I don't think it makes sense to check the address of retval BEFORE it appears, it being a VLA and all (by definition the compiler and the debugger don't know much about it, it's generated at runtime on the stack).
Try checking its address after its point of definition.
EDIT
I just read the "I get random characters and shapes in console". It's obvious now that you are returning the VLA and expecting things to work.
A VLA is only valid inside the block where it was defined. Using it outside is undefined behavior and thus very dangerous. Even if the size were constant, it still wouldn't be valid to return it from the function. In this case you most definitely want to malloc the memory.
What cnicutar said.
I hate people who do this, so I hate me ... but ... Arrays of non-const size are a C99 extension and not supported by C++. Of course GCC has extensions to make it happen.
Under the covers you are essentially doing an _alloca, so your odds of blowing out the stack are proportional to who has access to abuse the function.
Finally, I hope it doesn't actually get returned, because that would be returning a pointer to a stack allocated array, which would be your real problem since that array is gone as of the point of return.
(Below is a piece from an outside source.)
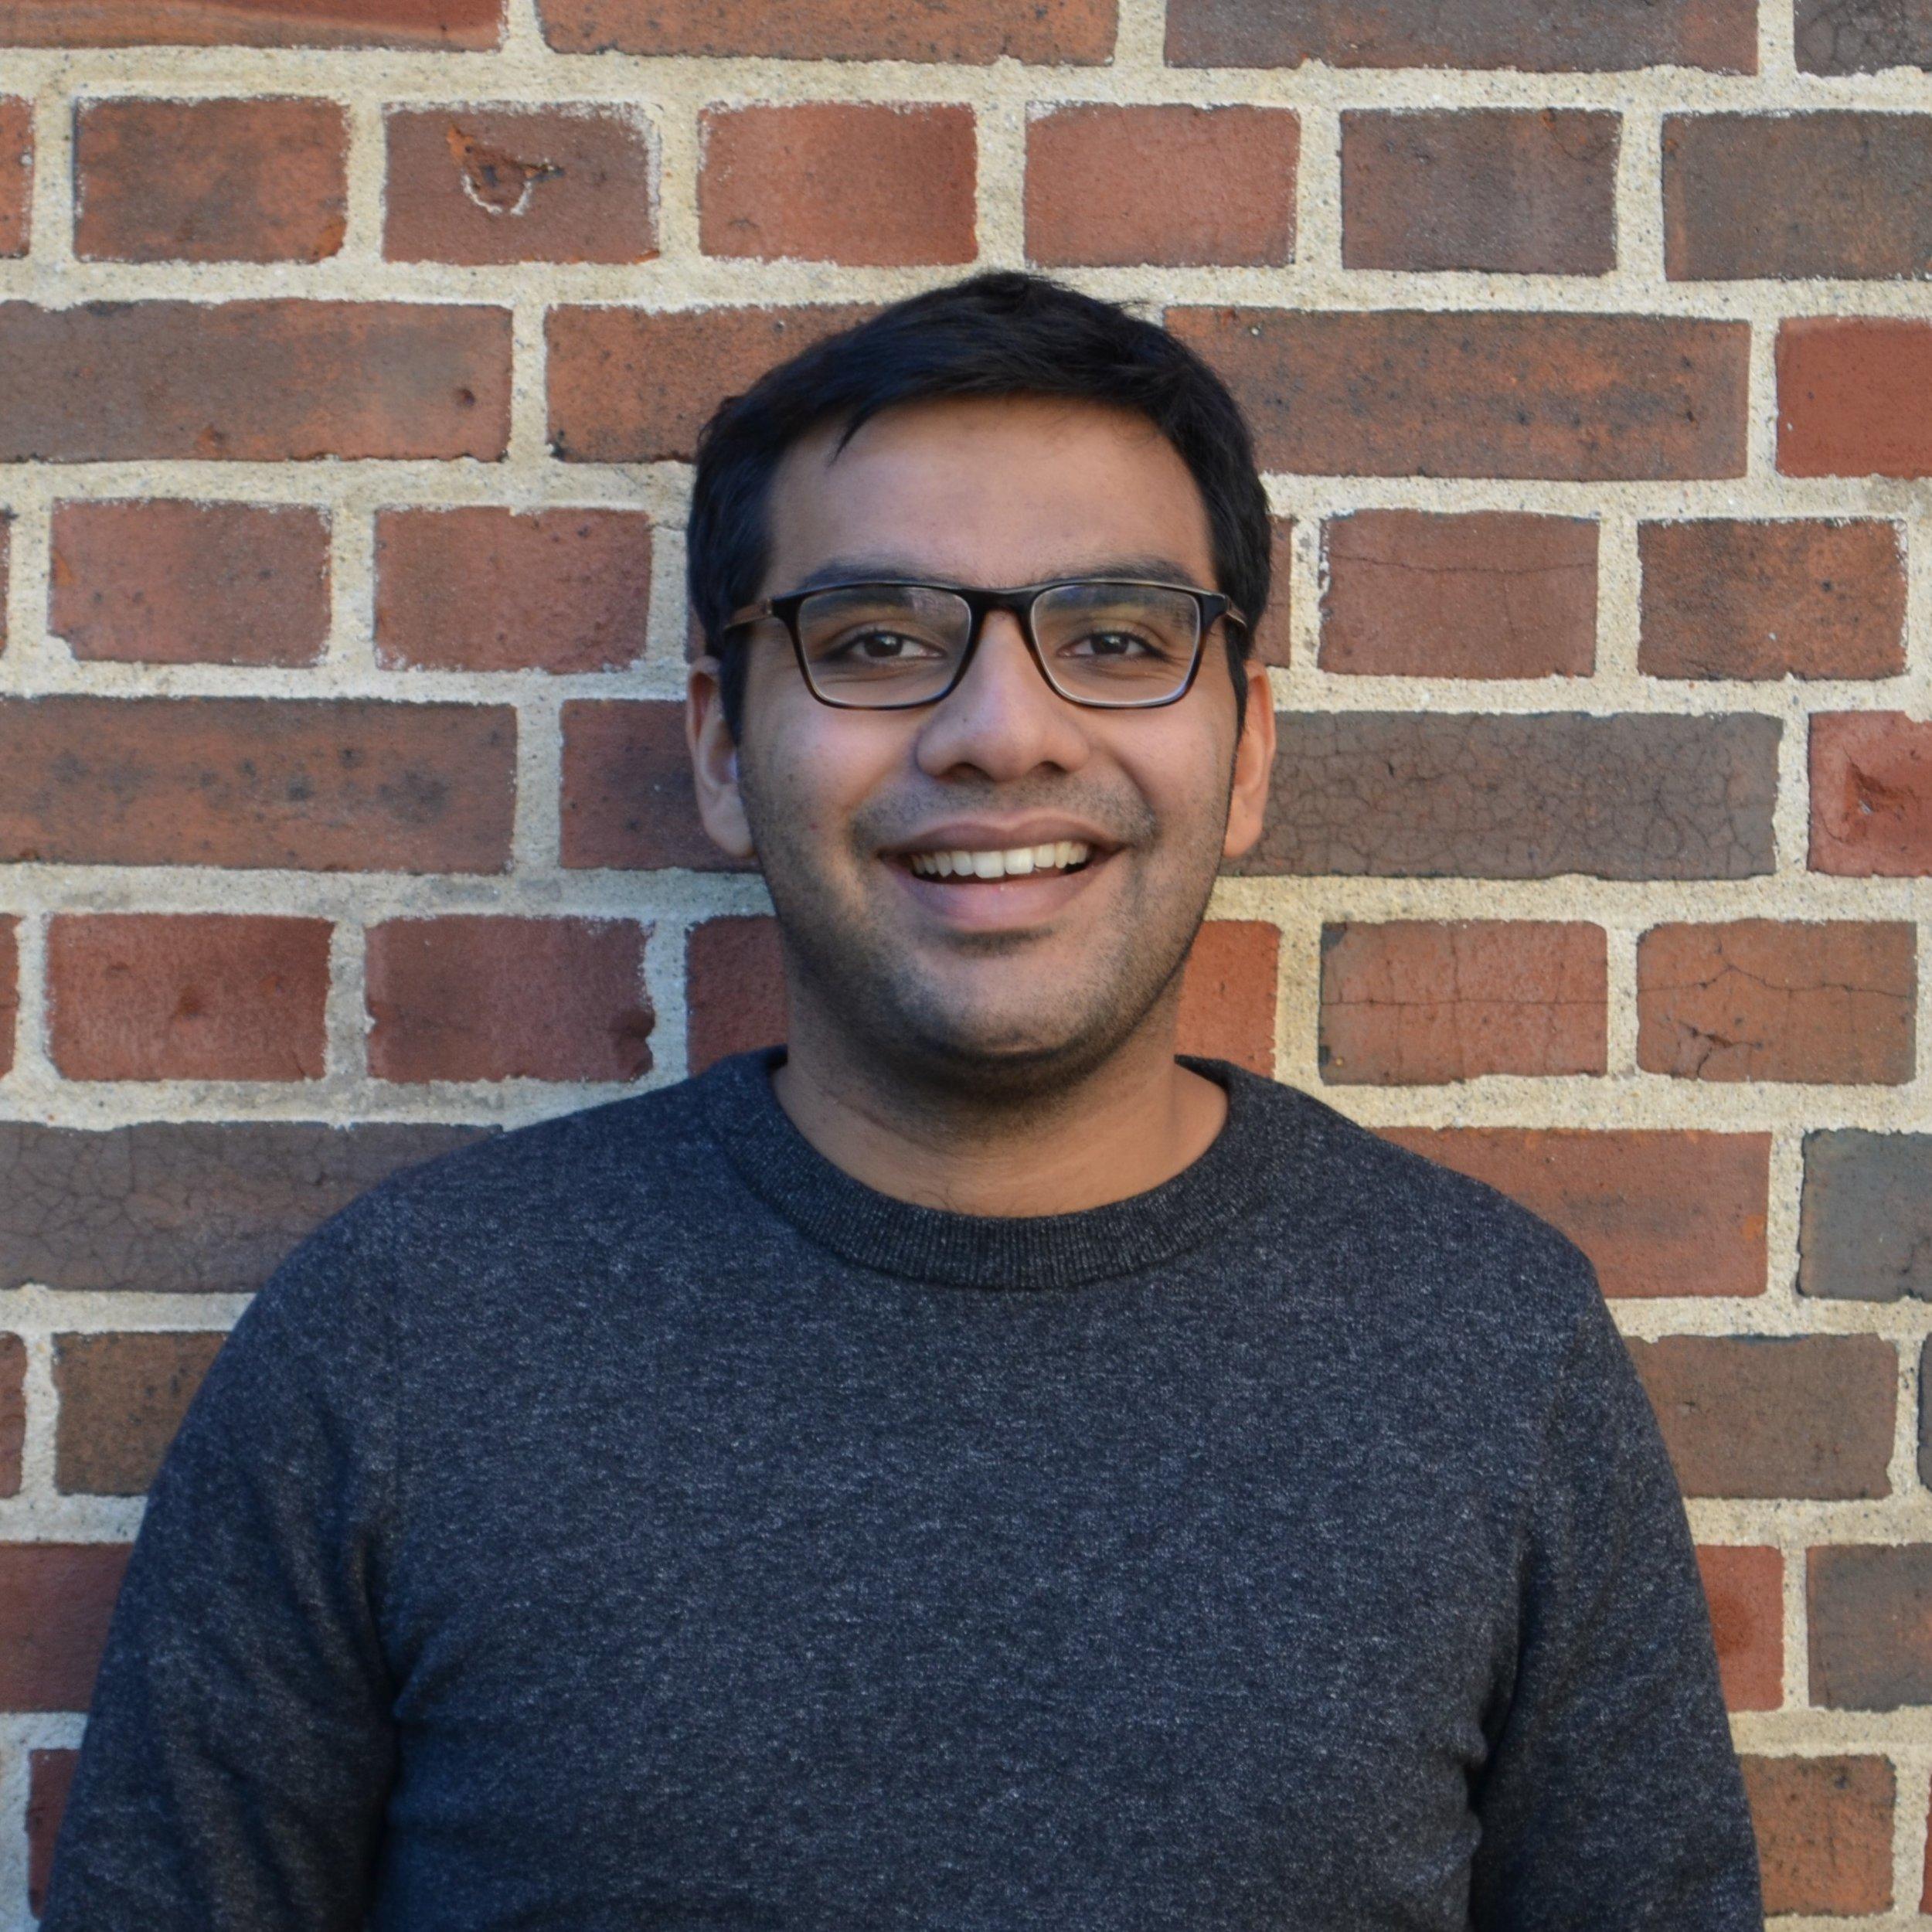 Vishan Nigam - BA Economics (Princeton)Faculty Supervisor: Michael Greenstone

In C++ you would typically use a string class.
In C you would either pass a pointer and length in as parameters, or a pointer to a pointer (or return a pointer) and specify the calls should call free() on it when done. These solutions all suck because they are error prone to leaks or truncation or overflow. :/
Well, your fundamental problem is that you are returning a pointer to the stack allocated VLA. You can't do that. Pointers to local variables are only valid inside the scope of the function that declares them. Your code results in Undefined Behaviour.
At least I am assuming that somewhere in the ..... in the real code is the line return retval.
You'll need to use heap allocation, or pass a suitably sized buffer to the function.
As well as that, you only need +1 rather than +2 in the length calculation - there is only one null-terminator.
Try changing retval to a character pointer and allocating your buffer using malloc().
Pass the two string arguments as, char * or const char *
Rather than returning char *, you should just pass another parameter with a string pointer that you already malloc'd space for.
Return bool or int describing what happened in the function, and use the parameter you passed to store the result.
Lastly don't forget to free the memory since you're having to malloc space for the string on the heap...
//retstr is not a const like the other two
bool subdir(const char *input, const char *dir,char *retstr){
strcpy(retstr, input);
strcat(retstr, dir);
return 1;
}
int main()
{
char h[]="Hello ";
char w[]="World!";
char *greet=(char*)malloc(strlen(h)+strlen(w)+1); //Size of the result plus room for the terminator!
subdir(h,w,greet);
printf("%s",greet);
return 1;
}
This will print: "Hello World!" added together by your function.
Also when you're creating a string on the fly you must malloc. The compiler doesn't know how long the two other strings are going to be, thus using char greet[totallen]; shouldn't work.